Myers v. State ex rel. Appleton

Buskirk, J.

This was an action on the bond of William *161Appleton, guardian of the relators, against said Appleton and the appellants, who are the sureties on the bond of such guardian. The removal of the guardian from the State, his failure to report, and the conversion of the money of his wards to his own use® are assigned as breaches of the bond. The cause was continued as to Appleton for alias process.

The appellants answered in four paragraphs. A demurrer was sustained to the first, second, and third paragraphs, and exception. The cause was submitted to the court for trial, and resulted in a finding for the appellee. New trial refused, and judgment.

The sustaining of the demurrer to the second and third paragraphs of the answer, and the refusal of a new trial, are assigned for error.

The second and third paragraphs of the answer are as follows:

“ 2. That said relators are, and were, indebted to said guardian in the sum of five hundred dollars, at the date of his removal as such guardian, for their board and maintenance during their minority, for which said guardian had no credit at the date of his removal, and for which they demand judgment, and for all other proper relief.
“ 3. The defendants, William IT. Myers and Francis M. Trisler, administrator of Michael G. Daily, deceased, for further answer to the complaint herein, say that the relators are the daughters of the defendant William Appleton; that while said defendant Appleton was guardian of said relators, he expended the sum of one thousand dollars in the education, clothing, and support of the relators; that said defendant William Appleton was poor and in very indigent circumstances, while he was such guardian, and was compelled to and did use the money sued for in support of said relators; that these defendants were the accommodation sureties of said defendant Appleton, and that he wrongfully refused to claim any allowance for such support in his reports of his trust to the common pleas court, and he still *162fails and refuses to claim the same, and is now wrongfully suffering the relators, his daughters, to compel its payment a second time; wherefore the defendants say that the relators are indebted to the defendant William Appleton, who is principal in said bond, and they ask»that such indebtedness be set off against their claim to an amount equal to such indebtedness, namely, one thousand dollars.”

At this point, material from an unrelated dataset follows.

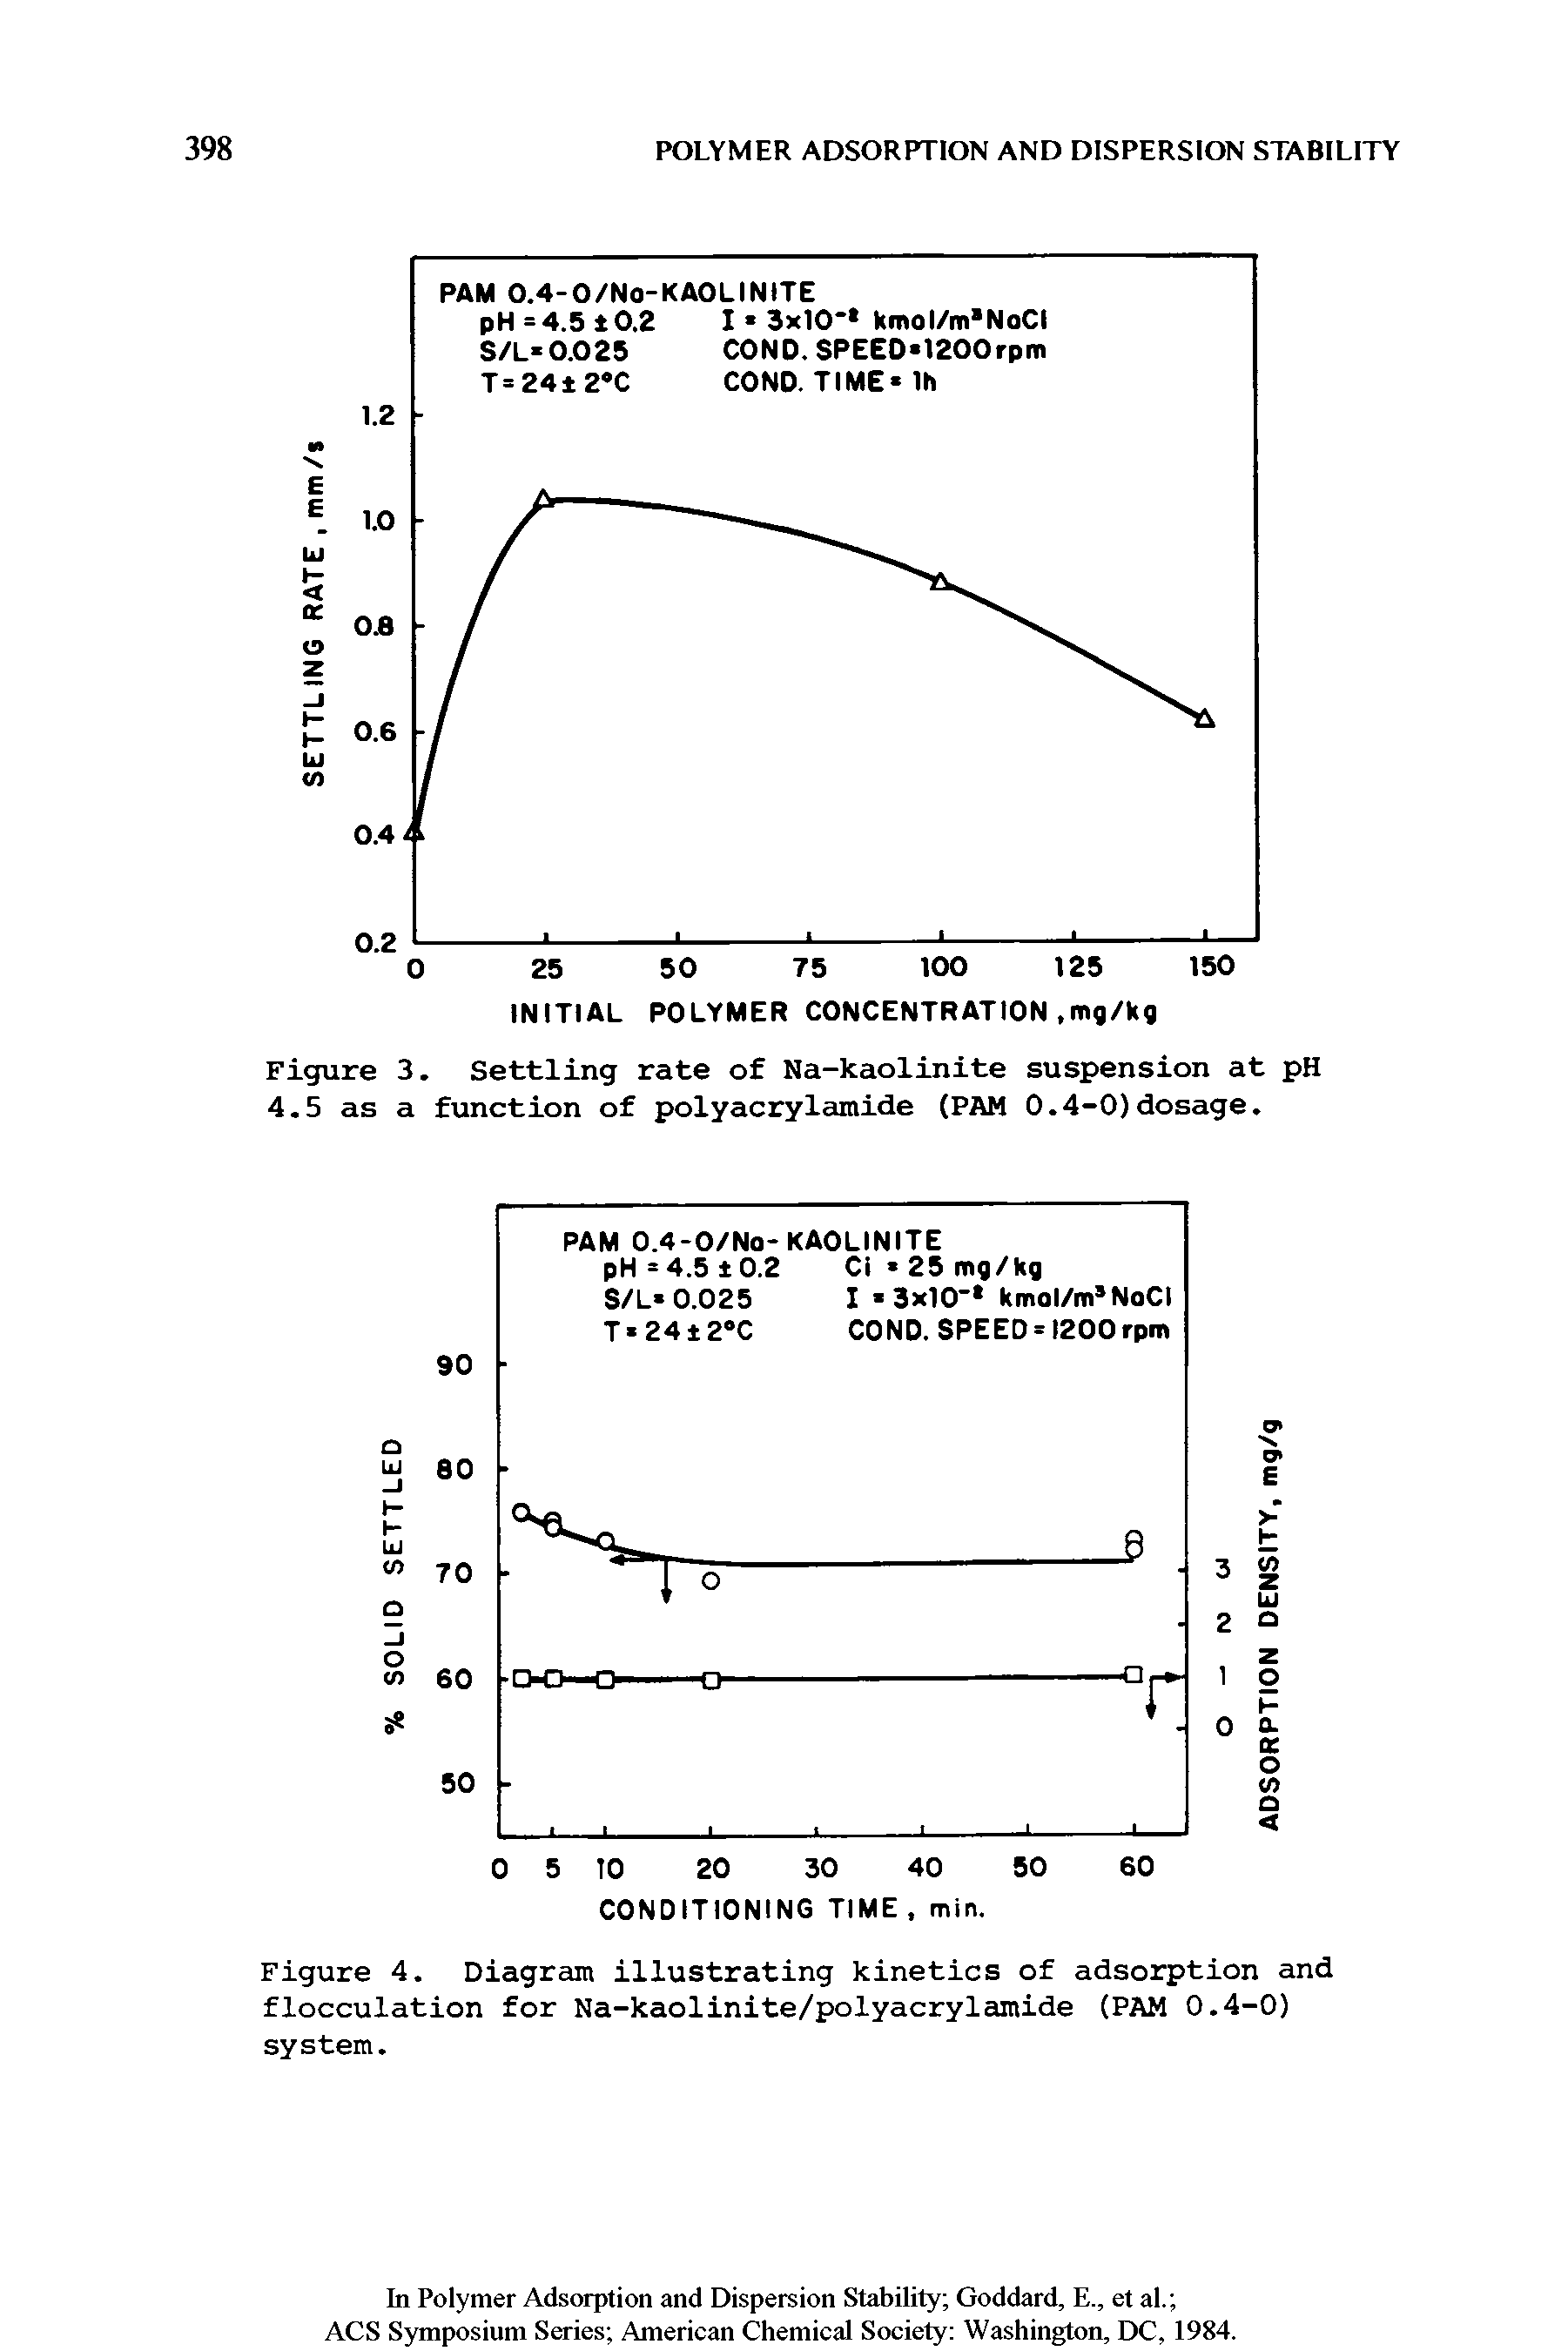 Figure 4. Diagram illustrating kinetics of adsorption and flocculation for Na-kaolinite/polyacrylamide (PAM 0.4-0) system.

The objection urged against the second paragraph is, that it assumes to answer the whole complaint, but only answers a part. The objection is untenable. It was held in Curran v. Curran, 40 Ind. 473, that the rule of pleading applicable to pleas in confession and avoidance had no application to pleas of set-off. This paragraph is purely and simply an answer of set-off. The implication is,4hat the indebtedness resulted from a contract either express or implied. It alleges that the relators were indebted to the principal in the bond in the sum of five hundred dollars for their maintenance and support. The sureties of the guardian have the right to plead, by way of set-off, an indebtedness to the guardian. This is expressly authorized by the code, and has been so held by this court Sec. 58 of the code, 2 G. & H. 89; Slayback v. Jones, 9 Ind. 470; Turner v. Simpson, 12 Ind. 413. Such indebtedness may be pleaded to an action on a guardian’s bond. The State, ex rel. Druliner, v. Clark, 16 Ind. 97. Such is the rule under the New York code, which is similar to ours in this respect. Newell v. Salmons, 22 Barb. 647. In our opinion, the second paragraph is good, and the court erred in sustaining a demurrer to it.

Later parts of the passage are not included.